鹿野良平 国立天文台 ひので科学プロジェクト 助教

 皆既日食で目にする王冠状の神秘的な光は、太陽外層に広がる希薄な大気から届くもので、その大気を我々は「コロナ」(Corona:ラテン語で「王冠」の意)と呼んでいます。このコロナ、実は100万度以上のプラズマでできており、X線で明るく輝いています。皆既日食は地上からコロナを観測する絶好の機会ですが、「ひので」搭載のX線望遠鏡(XRT)では、図15のような太陽コロナを常に観測できます。日食現象は、「ひので」でも年に数回観測され、2007年2月17日にも部分日食がありました。太陽の南極のコロナホール(図16aの暗い領域)が月によって掩蔽(えんぺい)される様子(図16b)が、XRTでも観測され、コロナホールに対する貴重なデータを取得することに成功しました。

図15 X線望遠鏡(XRT)による太陽コロナ全面像

図16 XRTによる2007年2月17日の部分日食の観測(Kano et al. 2008より)

図17 コロナホールとその上空の温度マップ
複数フィルターで掩蔽が観測できた図16aの点線内のみを解析した。(Kano et al. 2008より一部改変)
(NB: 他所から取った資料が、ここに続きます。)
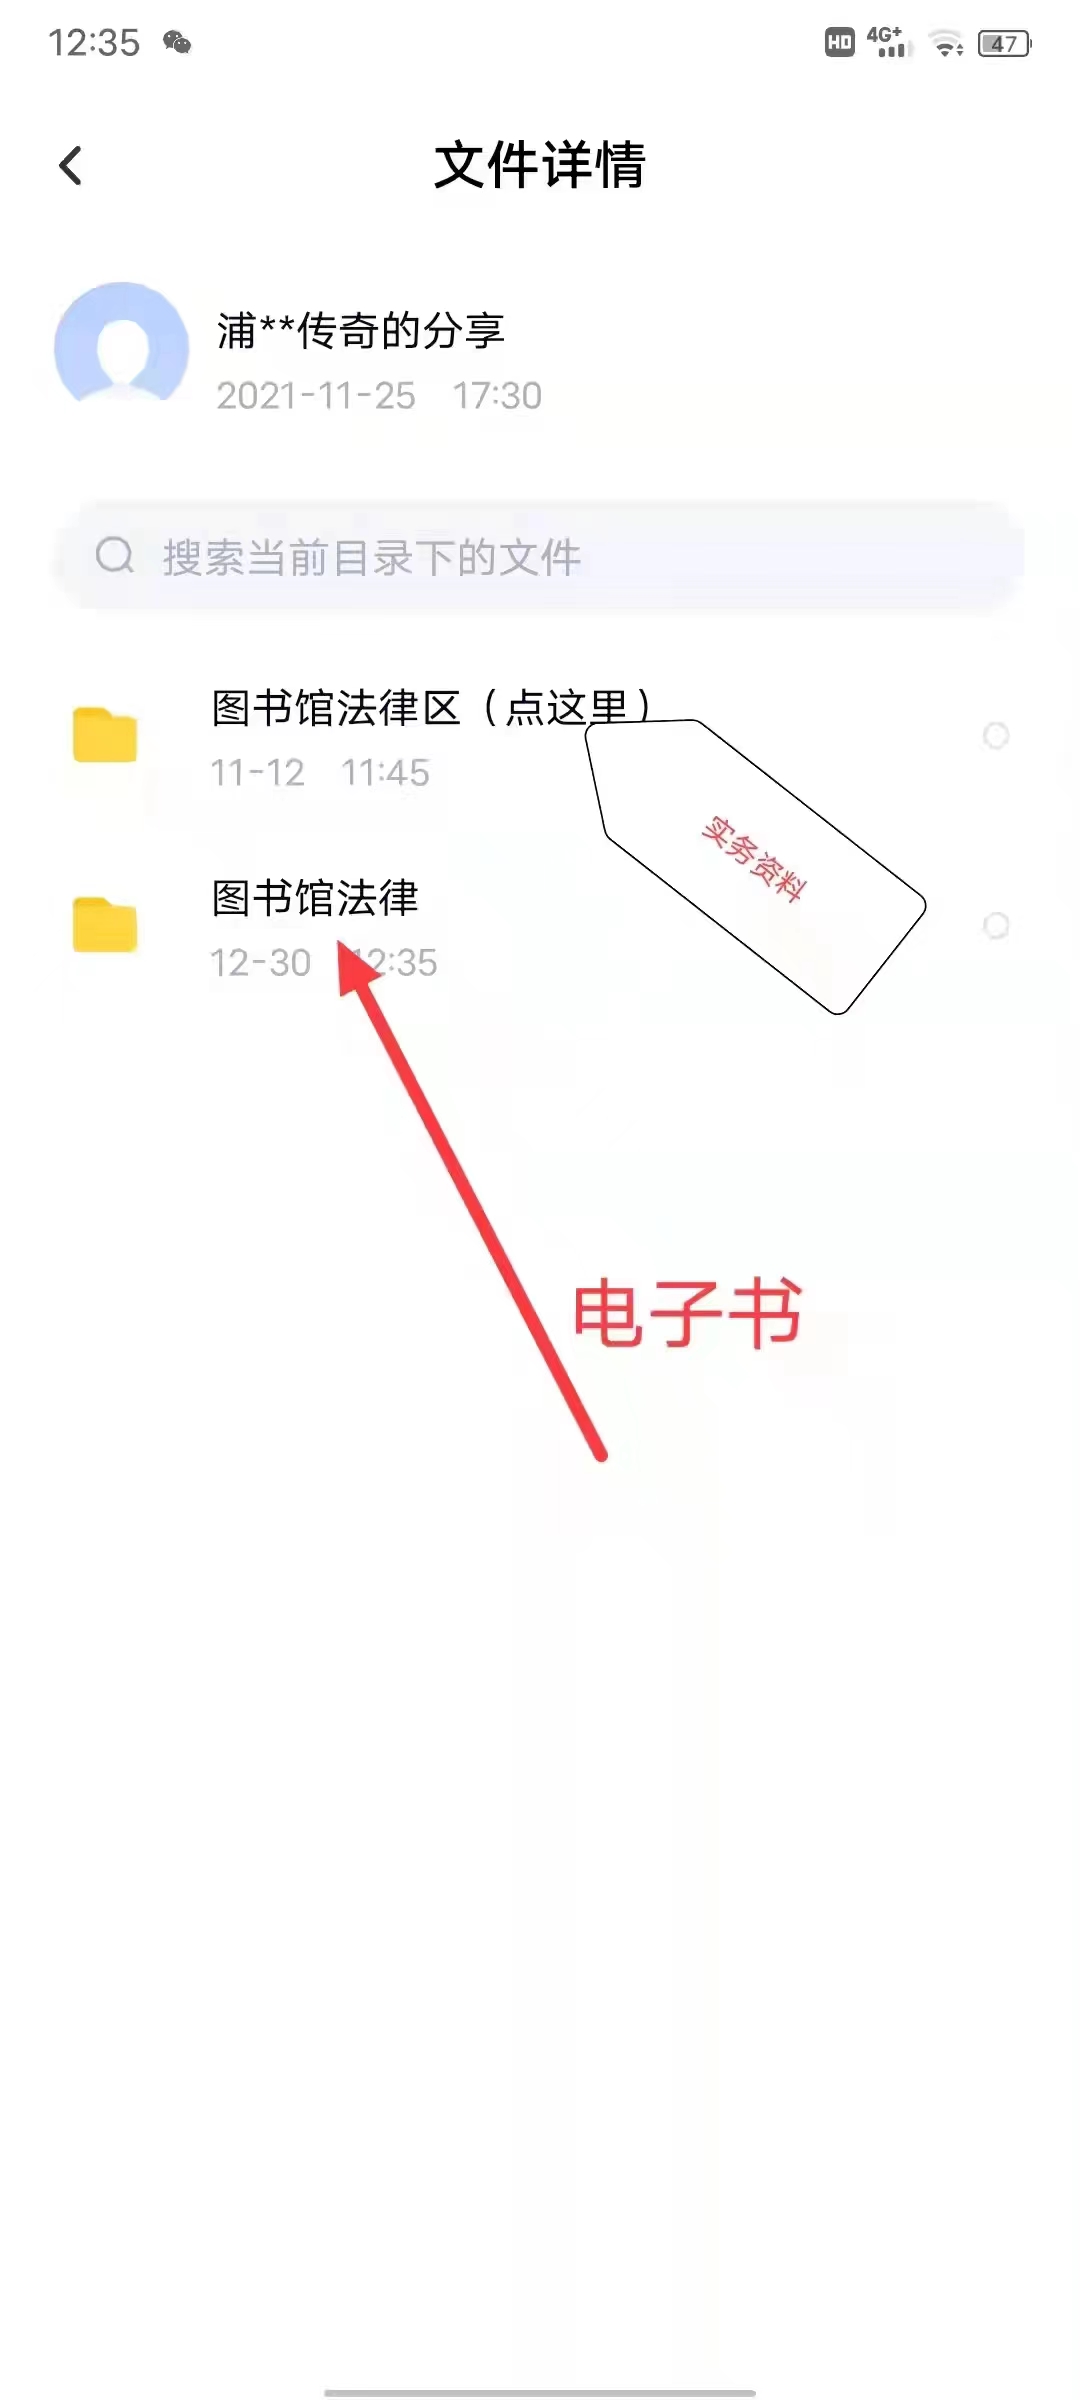 【法律】【PDF】199 刑辩律师办案指引 202103 徐永兴

 XRTにとっては観測対象が月で隠され、一見、邪魔に思える日食現象ですが、その観測が注目される理由の一つに、望遠鏡内の散乱という現象があります。XRTでは、鏡がX線を集めて像をつくっていますが、その鏡面はX線の波長に比べるとどうしても粗いので、できた像の周囲にX線が若干散乱します。コロナホールのような暗い領域を解析するためには、周囲の明るい領域から混入する散乱X線の量を正確に評価することが重要です。そこで、部分日食データが役立ちます。通常のX線画像(図16a)のコロナホールで観測される明るさは、コロナホール自身からのX線と周囲から混入する散乱X線との和ですが、月による掩蔽中の画像(図16b)では、周囲から混入する散乱X線のみです。つまり、両画像の差分が、コロナホール自身から来るX線強度となるわけです。これを温度感度の異なる2種類のX線フィルター画像で行うと、図17のように、暗いコロナ構造に対しても正確な温度マップが求まります。現在、これらの温度構造の検討から、太陽コロナを100万度以上に加熱する機構の解明が進められています。また、コロナホールは、地球環境にも影響を与える太陽風の源泉と考えられていて、太陽風の加速機構の解明の点でも、ここでの研究が注目を集めています。
 今後もXRTは、太陽コロナのさまざまな姿をとらえるとともに、その温度構造を明らかにすることで、「ひので」搭載の他の望遠鏡(可視光磁場望遠鏡、極端紫外撮像分光装置)と連携し、太陽大気の物理現象の解明に貢献していきます。